HBO will run the movie periodically before releasing it on video and DVD. I wish all history, social studies and government teachers would include the movie in their curriculum. I want it shown on Bunco night, too, and anywhere else women gather. I realize this isn’t our usual idea of socializing, but we are not voting in the numbers that we should be, and I think a little shock therapy is in order.

It is jarring to watch Woodrow Wilson and his cronies try to persuade a psychiatrist to declare Alice Paul insane so that she could be permanently institutionalized. And it is inspiring to watch the doctor refuse. Alice Paul was strong, he said, and brave. That didn’t make her crazy. The doctor admonished the men: “Courage in women is often mistaken for insanity”.

www.thrivingnow.com/for/Rick/night-of-...

www.heraldtribune.com/article/20071014... www.heraldtribune.com/article/20071014/O...
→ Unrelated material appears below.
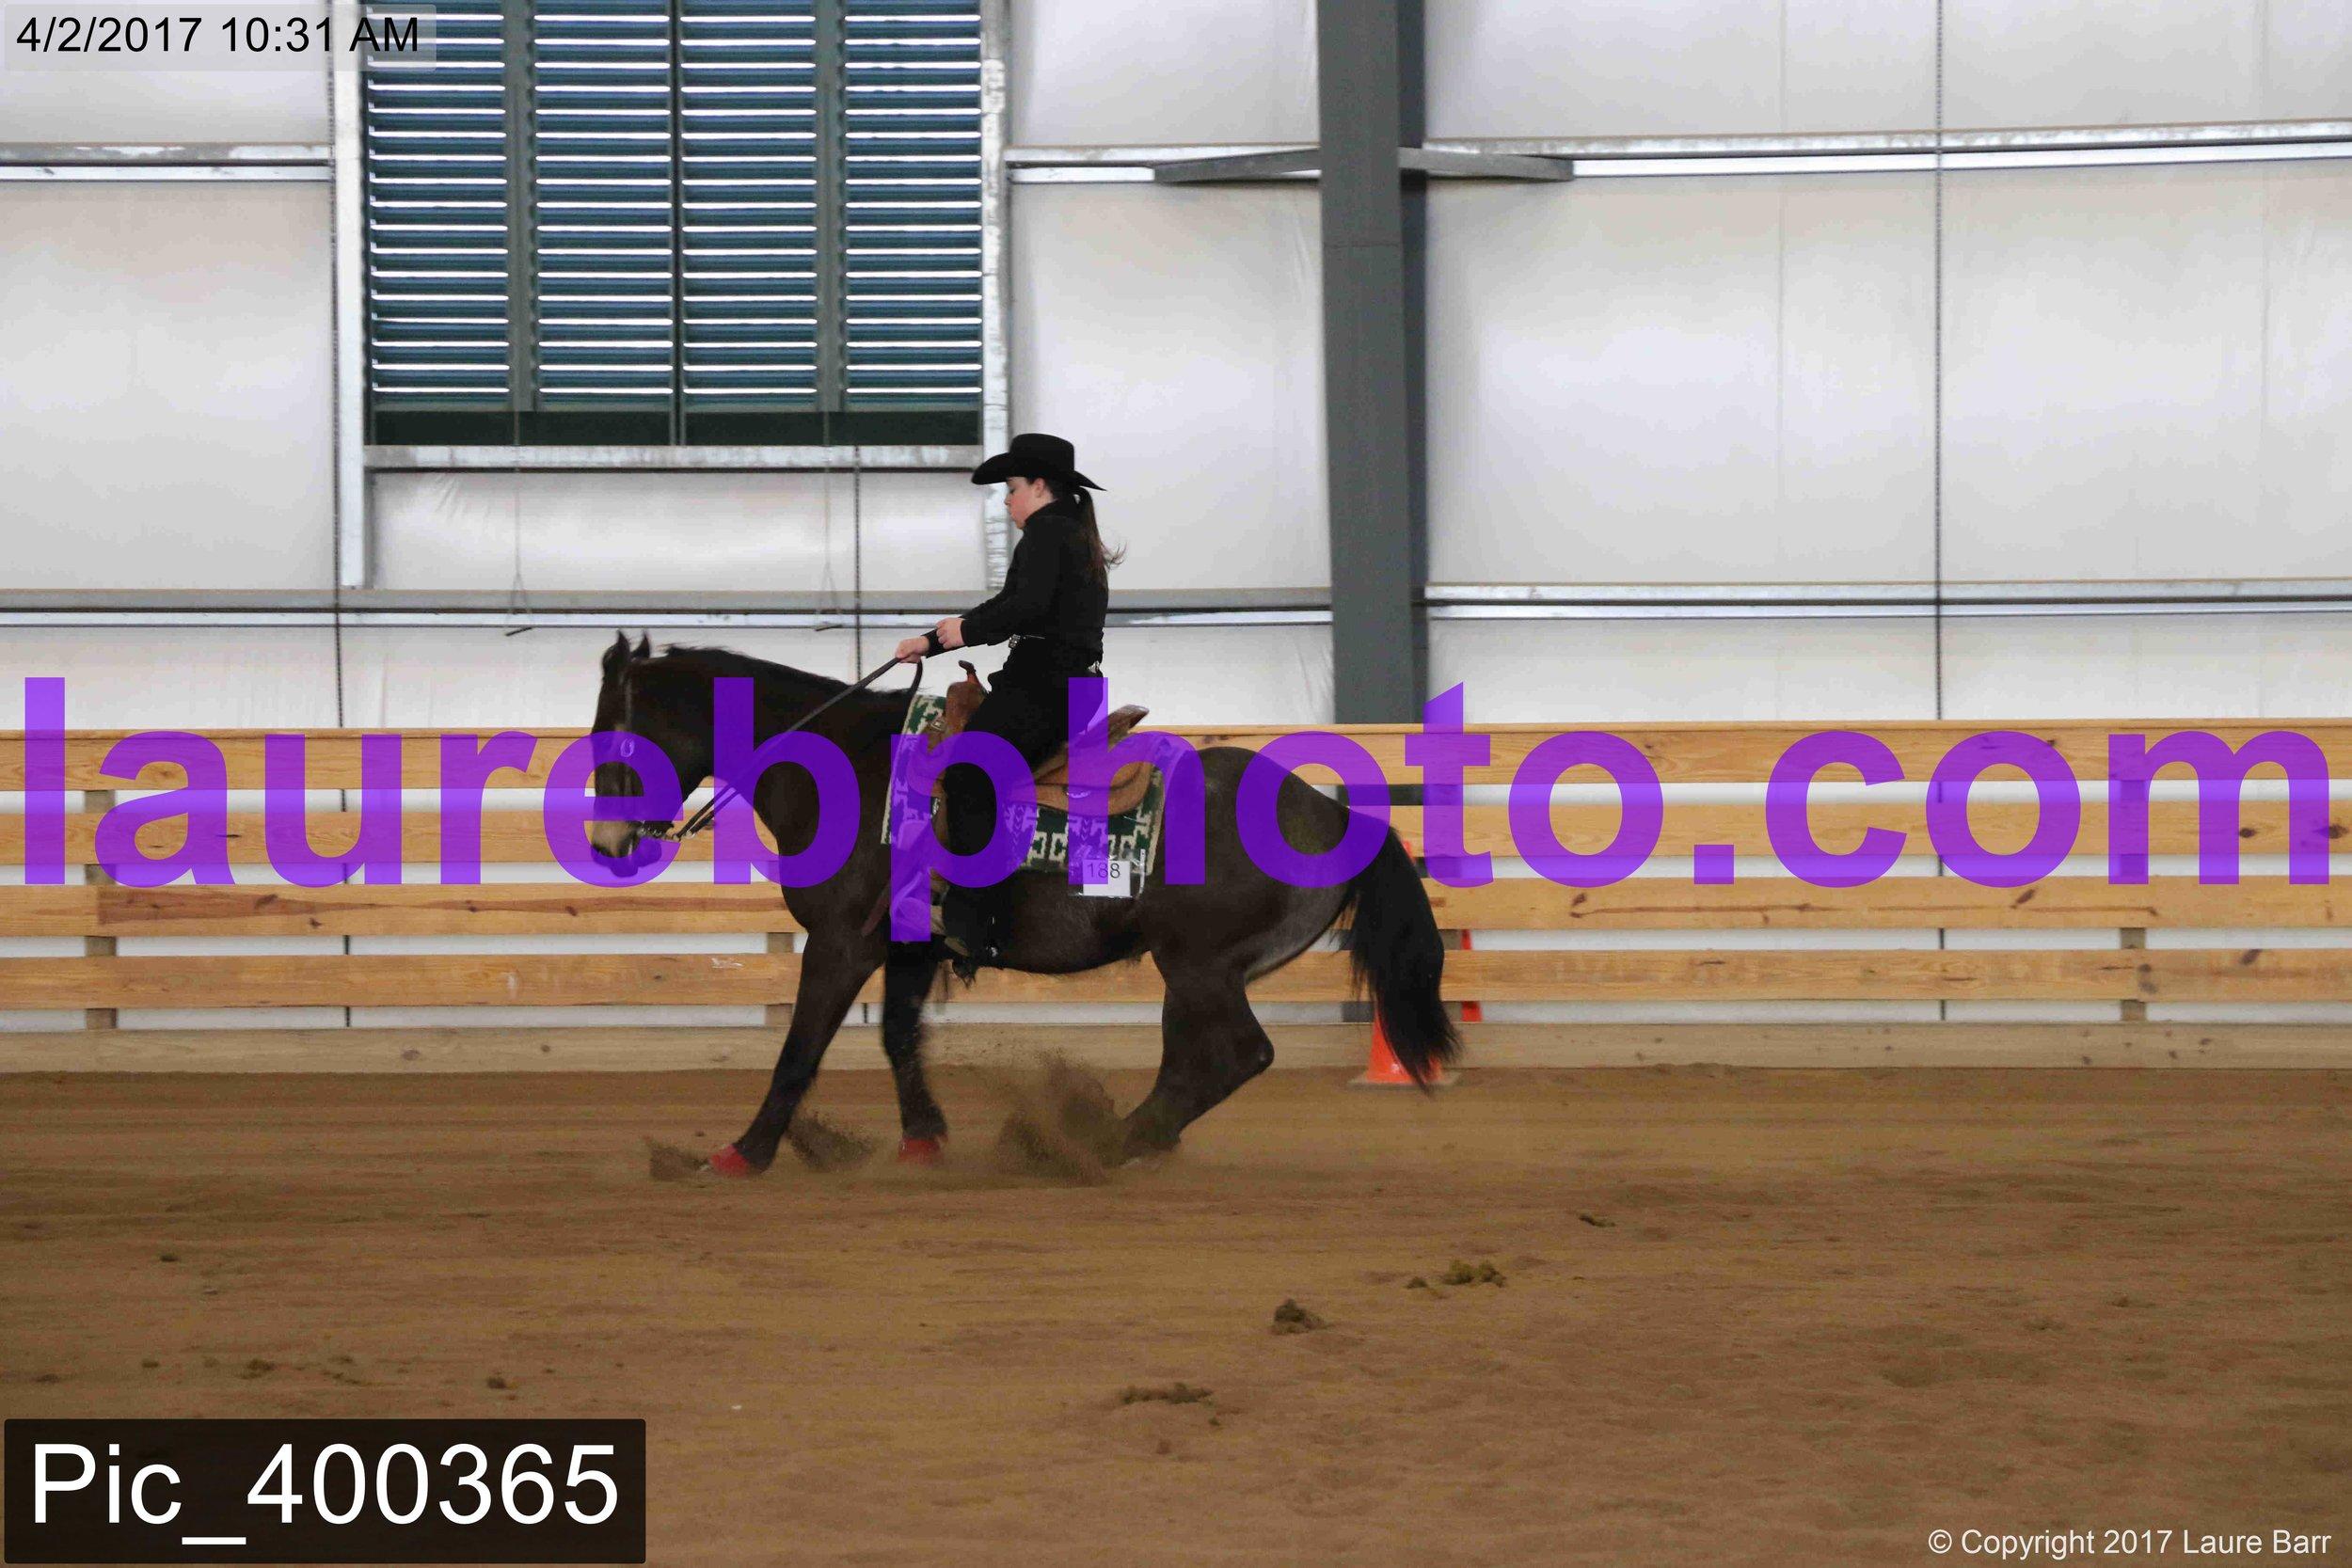 Pic_400365.jpg

www.girlposse.com/talk_talk_talk/privi... www.girlposse.com/talk_talk_talk/privile...

www.medinadems.org/ht/d/sp/i/139859/pi...
Eight answers:
tribeca_belle
2008-09-18 10:38:07 UTC
I'm voting and I always vote because I realize how hard-fought the battle was for women's suffrage and for the right of African Americans to vote.



I supported Hillary but I'm voting for Obama, partially because in all of those previous voting battles, conservatives opposed our rights. Maintaining the status quo was always more important to them than the individual rights of many American citizens.
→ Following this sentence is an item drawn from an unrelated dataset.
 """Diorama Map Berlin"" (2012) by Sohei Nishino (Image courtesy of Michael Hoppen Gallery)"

Thanks for pointing out that film.
ColleenIsBack
2008-09-18 10:36:14 UTC
No, not at all. If one cares about the country and the candidate one supports in the primaries doesn't get the nomination, does it make any sense to sit home on election day and sulk? Of course not. What makes sense is to go out and vote for the candidate that agrees most with the candidate that I supported. That is why the overwhelming majority of women that supported Hillary are voting for Obama. It is the only sensible alternative in this election.
Gorgeoustxwoman2013
2008-09-18 10:34:21 UTC
I am a life-long liberal democrat and I have always voted, since my very first election. I voted for Ford. I voted for Reagan twice. I have never voted for anyone named Bush. Ann Richards would have made a great President, in my opinion.
Holy Cow!
2008-09-18 10:43:30 UTC
I second Gorgeous Texas. I wish Ann Richards could have been president.
john c
2008-09-18 10:38:01 UTC
What would those brave woman think about all the women 43 years later who voted for Kennedy because he was more handsome than Nixon?
2008-09-18 18:10:34 UTC
The Religious Right will destroy our nation...ever see the movie " V for Vendetta" nuff said



or the movie " Children of Men"..double nuff said
lujan
2016-10-03 13:56:06 UTC
i'm vote casting for Romney and it has no longer something to do with abortion which may be the least of all human beings's concerns at this point. Romney is prevalent with of the thank you to restoration the economy, he's prevalent with of the thank you to stability the cheap which capacity getting rid of reckless spending. He huge into coaching his state is #a million national in the two English and Math for years something this u . s . a . so desperately desires. He is prevalent with of the thank you to create jobs. those themes are the precise opposite of what Obama has carried out and seem the place we are. Abortion is the least of my situation. to no longer point out Romney has stated that he's advantageous with abortion in severe situations alongside with rape, incest and probability to the mummy yet, there are thank you to a lot of human beings utilising abortion as a beginning administration technique.
notyou311
2008-09-18 10:35:08 UTC
It is stupid and unpatriotic not to vote. People died to give you that privilege. If you were denied the right to vote, you would be furious.


This content was originally posted on Y! Answers, a Q&A website that shut down in 2021.